Write out each line below precisely, passing over the pictures.

> [Data excerpt]

Content starts

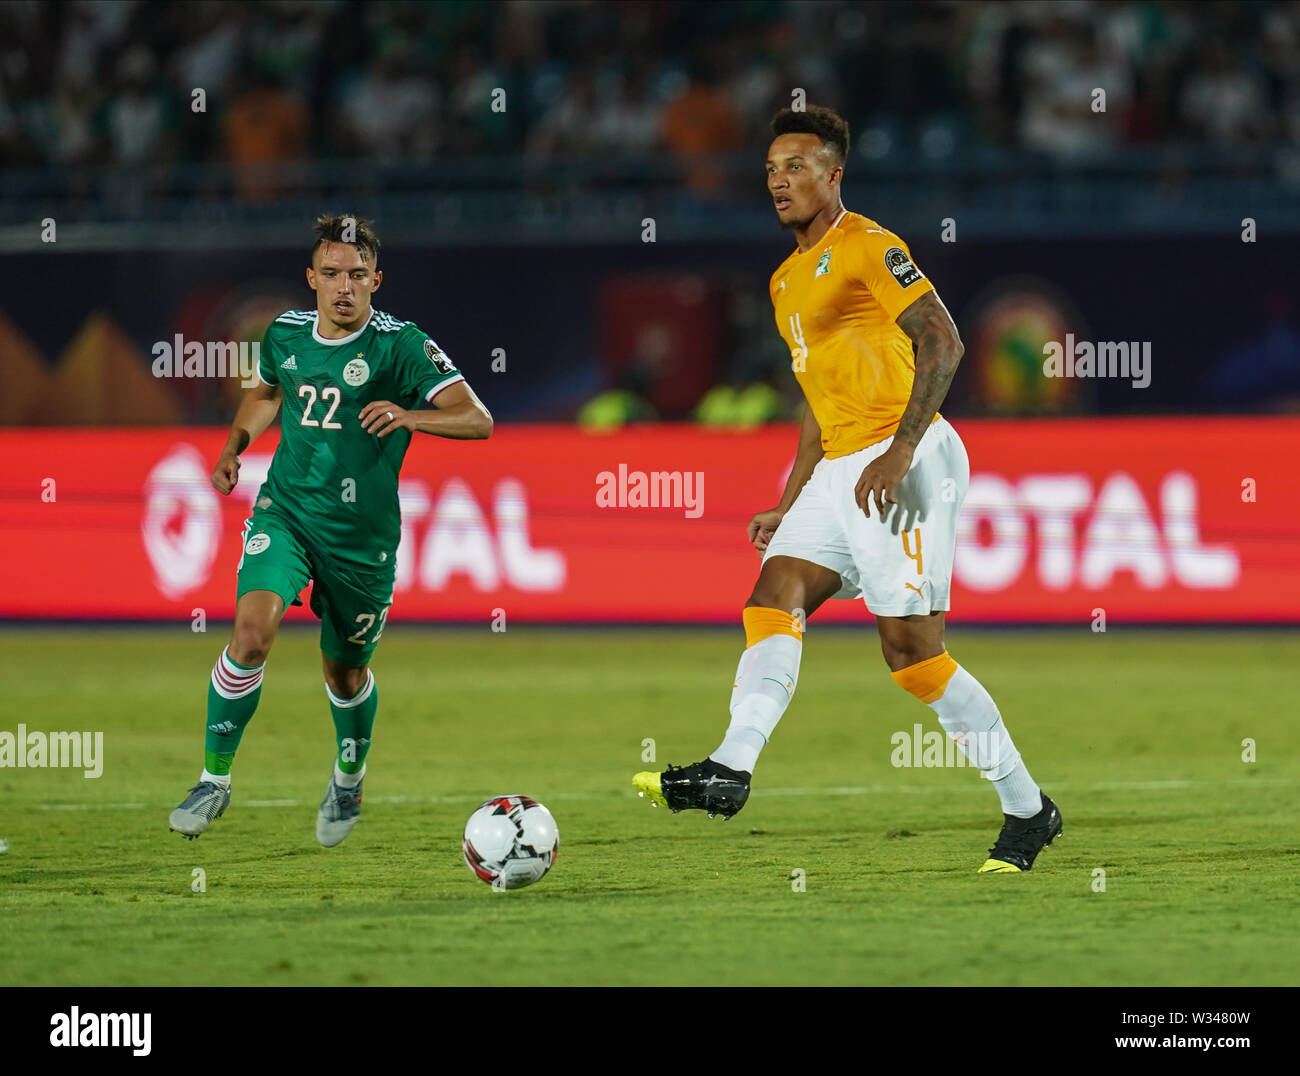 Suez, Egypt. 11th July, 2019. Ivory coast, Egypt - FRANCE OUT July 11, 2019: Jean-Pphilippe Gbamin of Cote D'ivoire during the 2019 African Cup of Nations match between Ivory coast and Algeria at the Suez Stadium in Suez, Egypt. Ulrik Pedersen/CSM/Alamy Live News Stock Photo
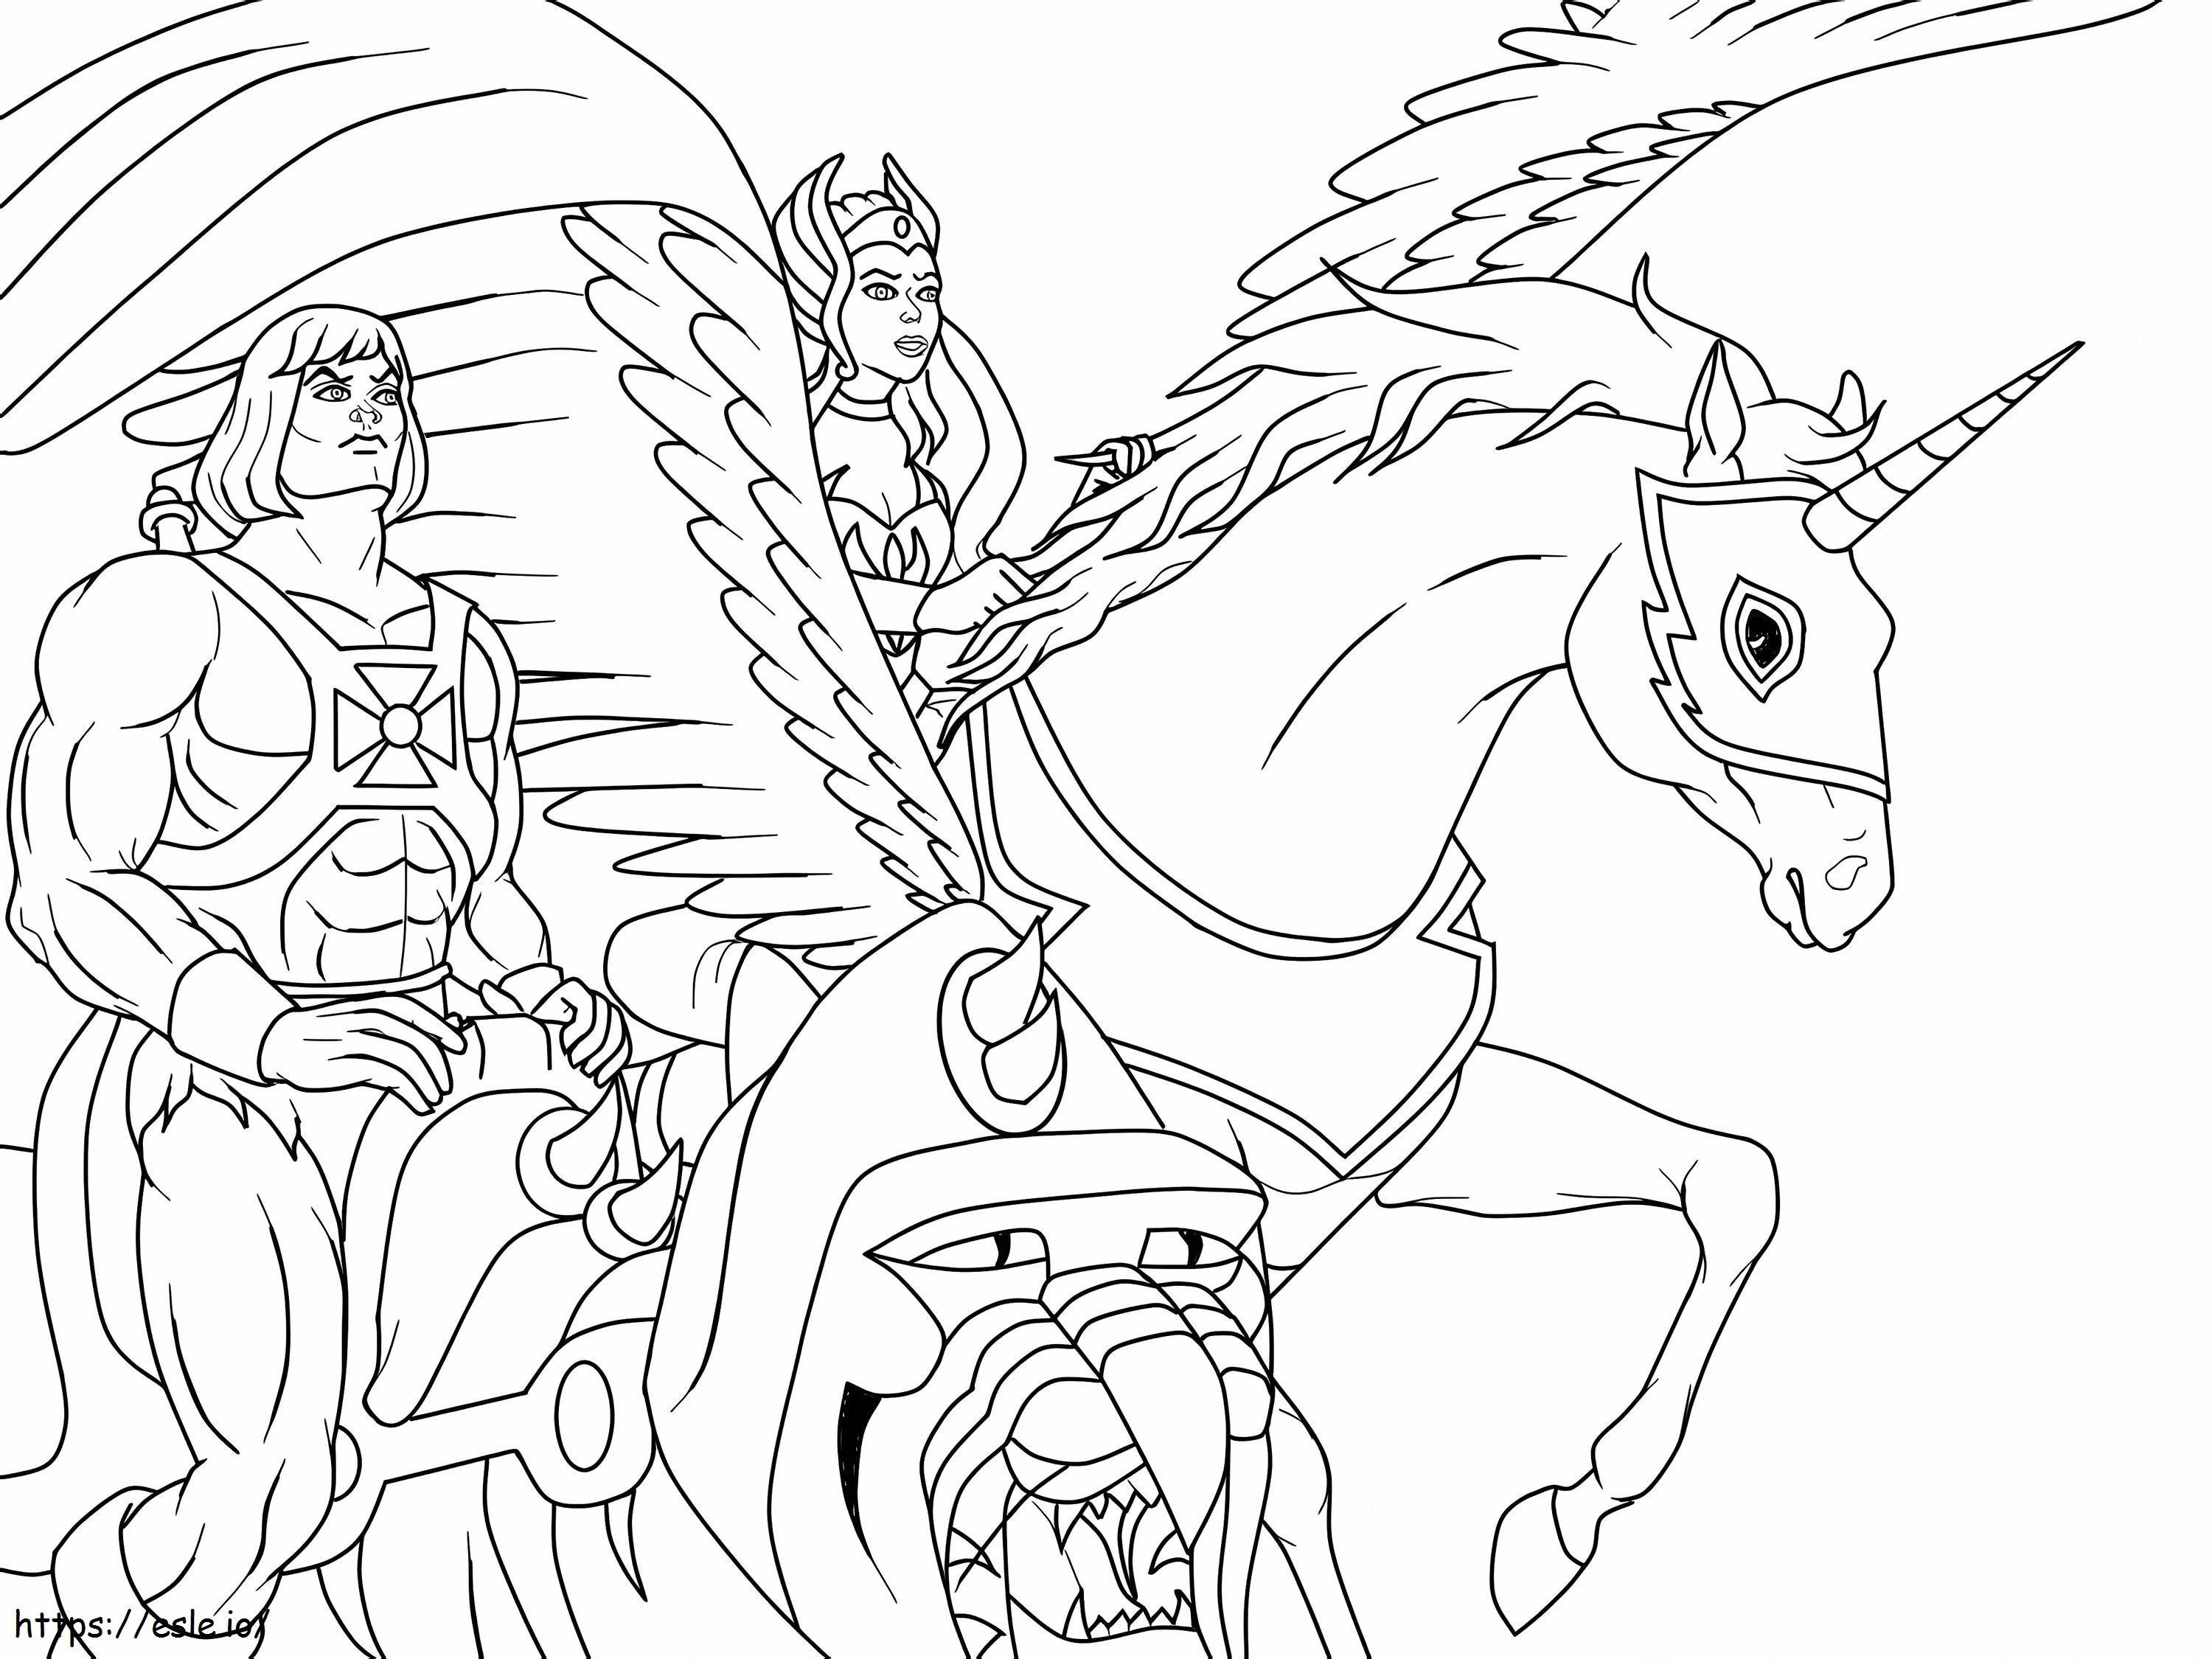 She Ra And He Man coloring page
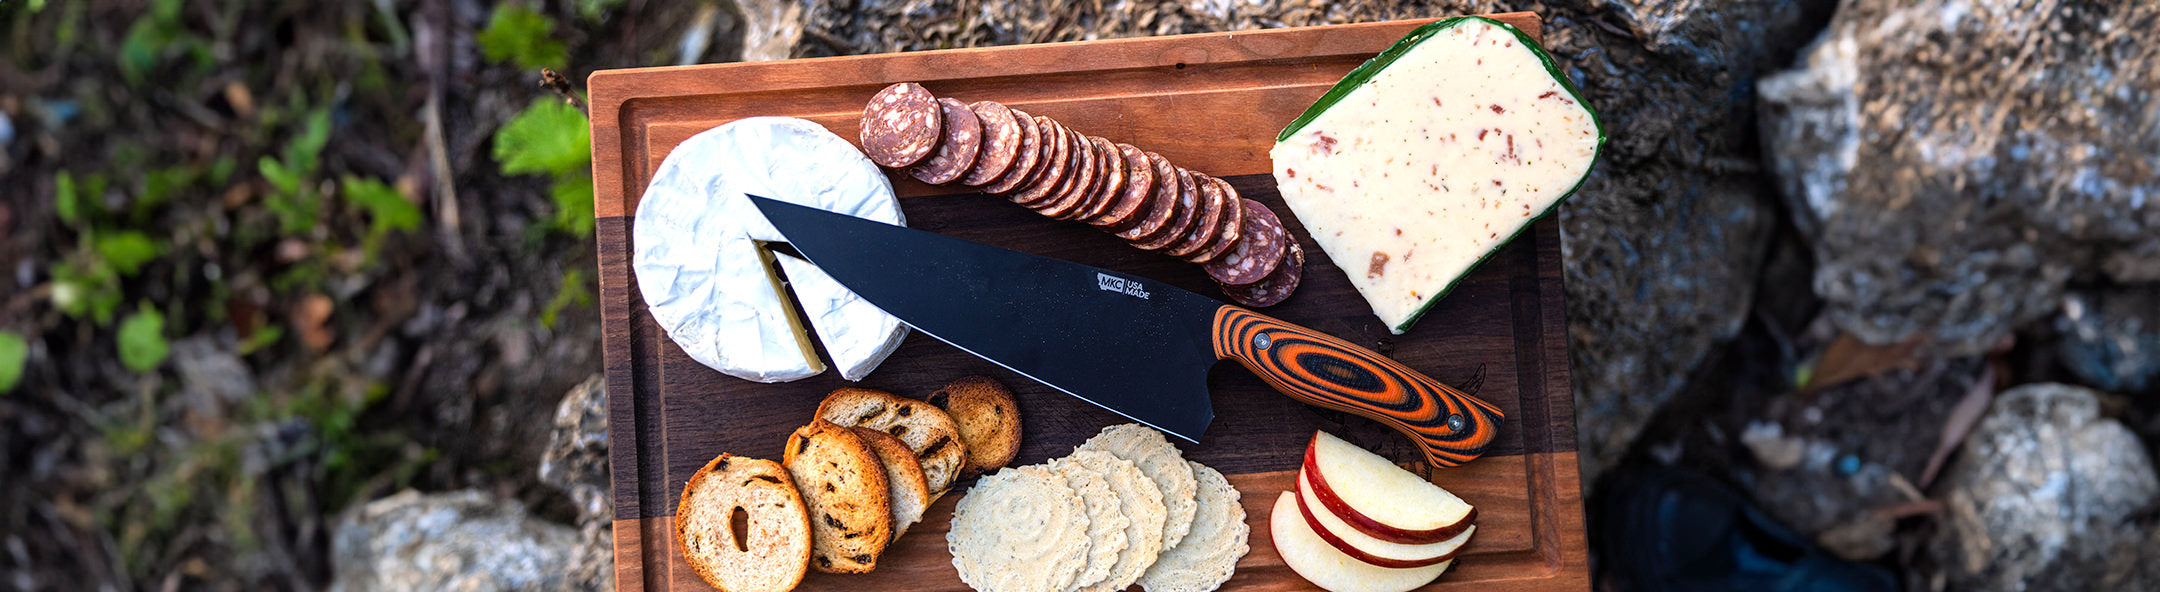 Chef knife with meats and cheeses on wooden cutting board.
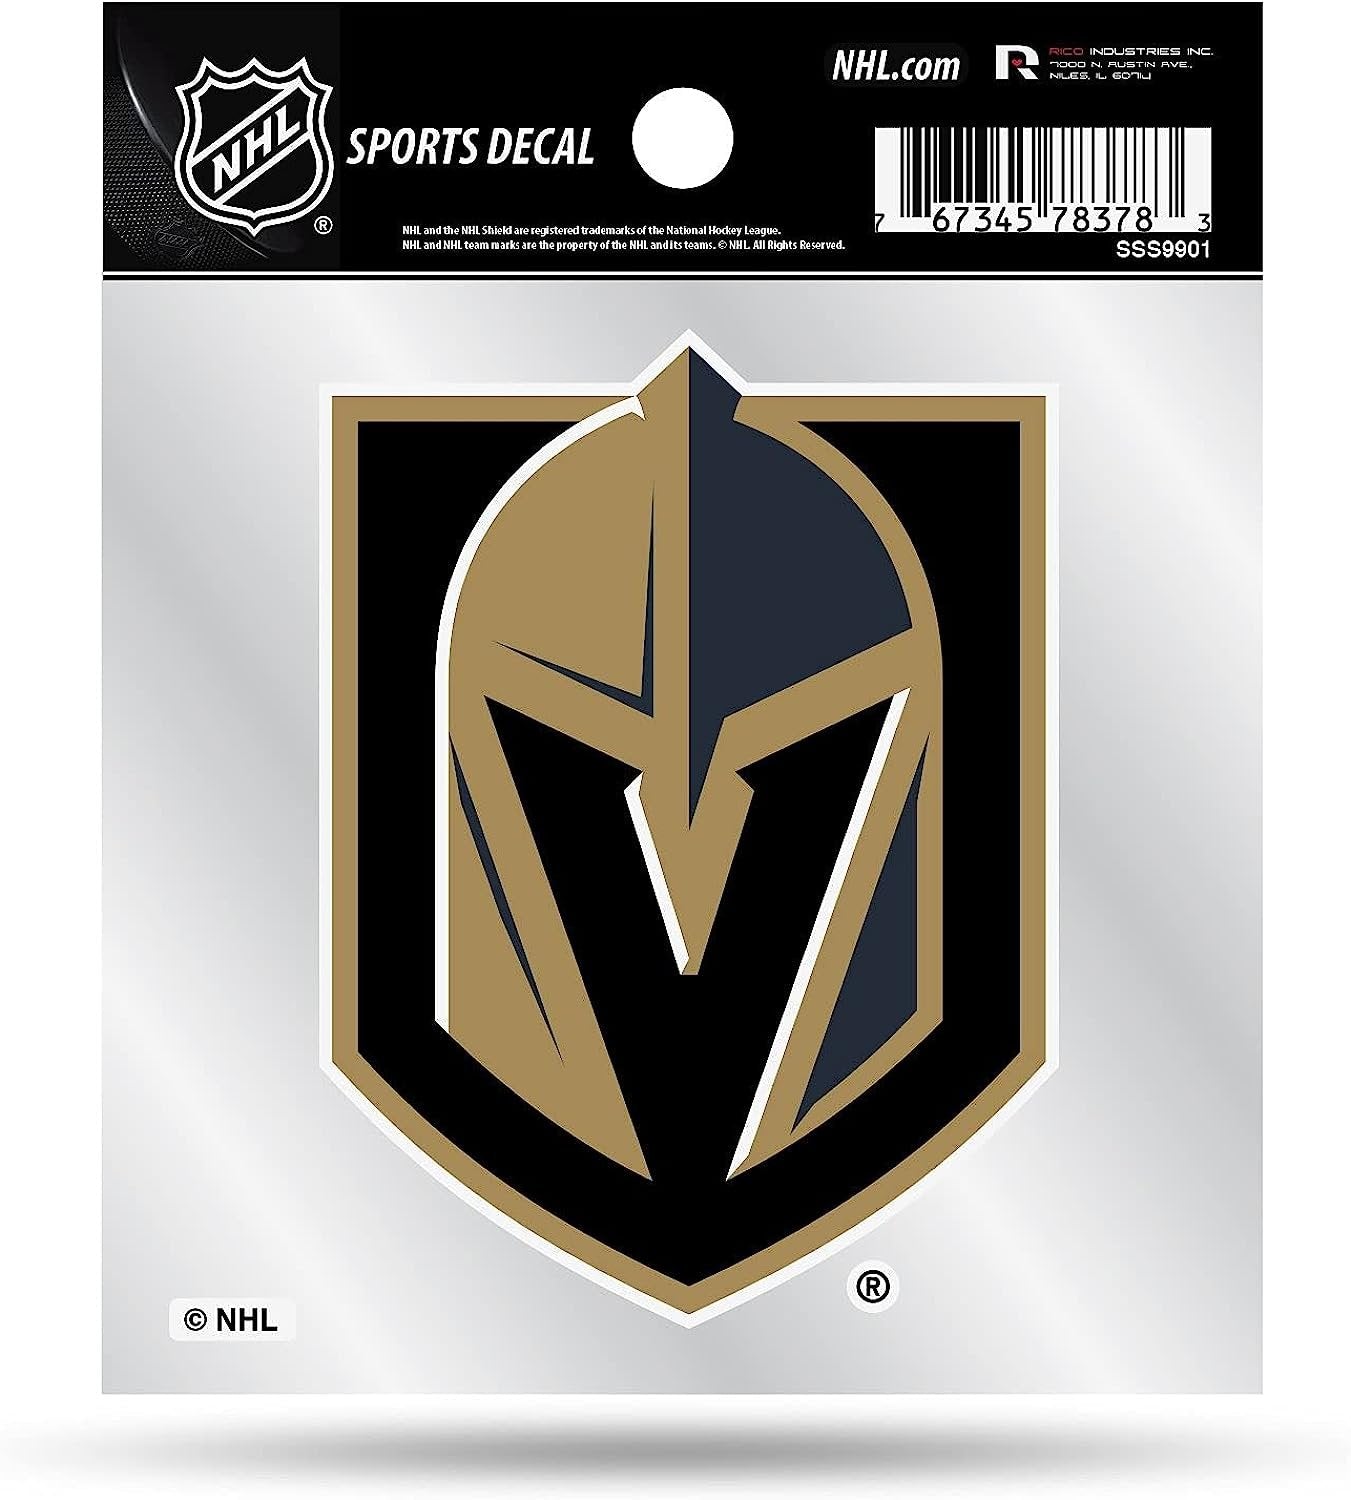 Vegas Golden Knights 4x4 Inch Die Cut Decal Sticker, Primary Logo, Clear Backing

Content ends

> [Exercise solution]
 Suez, Egypt. 11th July, 2019. Ivory coast, Egypt - FRANCE OUT July 11, 2019: Jean-Pphilippe Gbamin of Cote D'ivoire during the 2019 African Cup of Nations match between Ivory coast and Algeria at the Suez Stadium in Suez, Egypt. Ulrik Pedersen/CSM/Alamy Live News Stock Photo
 She Ra And He Man coloring page
 Chef knife with meats and cheeses on wooden cutting board.
 Vegas Golden Knights 4x4 Inch Die Cut Decal Sticker, Primary Logo, Clear Backing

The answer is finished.